In 2013, I traveled to New York City, and while there carved out time to meet the teacher-blogger from NYC who had conceived EduColor. It was in its infancy—it was literally five of us on email: myself, Liz Dwyer, Xian Franzinger Barrett, Sabrina Stevens, and the founder Jose Vilson. Fierce and fearless and unapologetic in our drive to bring justice and equity to educational spaces. In the subsequent months and years, we attended conferences and met educators seeking what EduColor offered. People like Rafranz Davis. They were welcomed into the tent. We met people online—frequently on Twitter—and we saw they shared our battles. What we were experiencing as people of color in education was pervasive. We created a space for affinity and uplift and unending support. We boosted each other. We rallied behind each other’s triumphs. We dried each other’s tears. We used social media to organize and bring credibility to discussions about racial and cultural literacy in educational spaces.

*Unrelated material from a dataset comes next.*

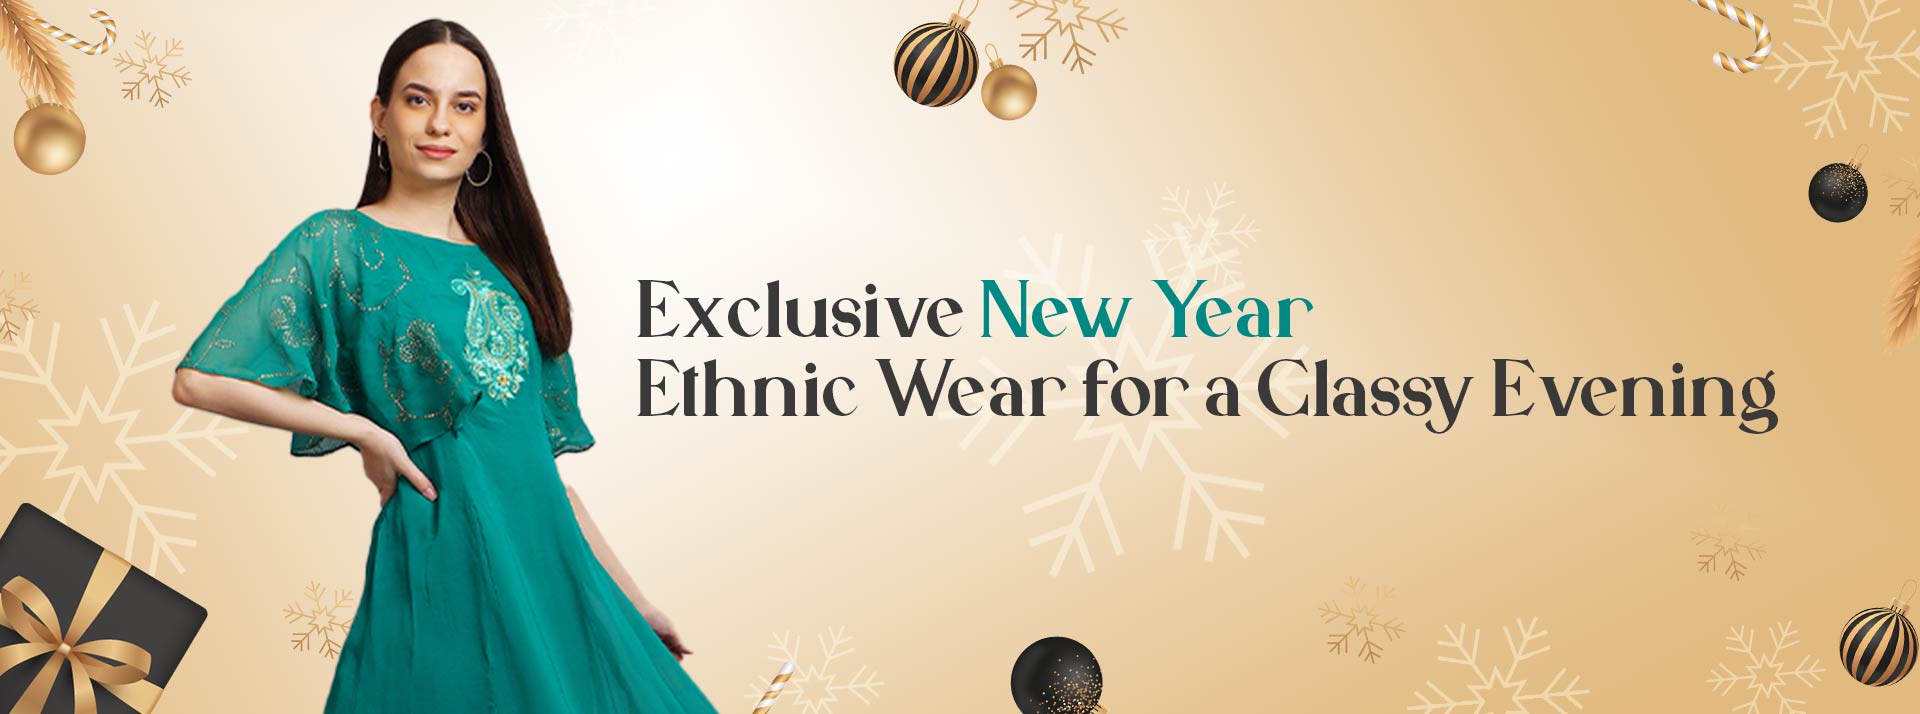 Exclusive New Year Ethnic Wear for a Classy Evening

It was good. And EduColor accomplishments are notable: speaking out on harsh and racially disparate discipline, tackling Jordan Davis or Ferguson and Mike Brown in classrooms, speaking out when NYC teachers wore “Thank You NYPD” t-shirts, and organizing against a Virginia school district that wanted to charge Black teens with felonies for a senior prank. There are many more examples of this coalition – this collective – coming together to spark discussion and take action on educational injustices. I’ve always been deeply proud and humbled to be a part of a grassroots activist space that intentionally set out to be a haven from the dysfunctional, marginalizing, hostile spaces so many of us worked within.

But regrettably, EduColor Movement has replicated the same institutional behaviors. On Saturday, I resigned from EduColor. I sent a letter to the general membership explaining how EduColor has become a collective without a collective soul for me. I spoke my truth, though in the intervening days more questions have surfaced. So for those sincerely interested in knowing what I’ve experienced, please read on.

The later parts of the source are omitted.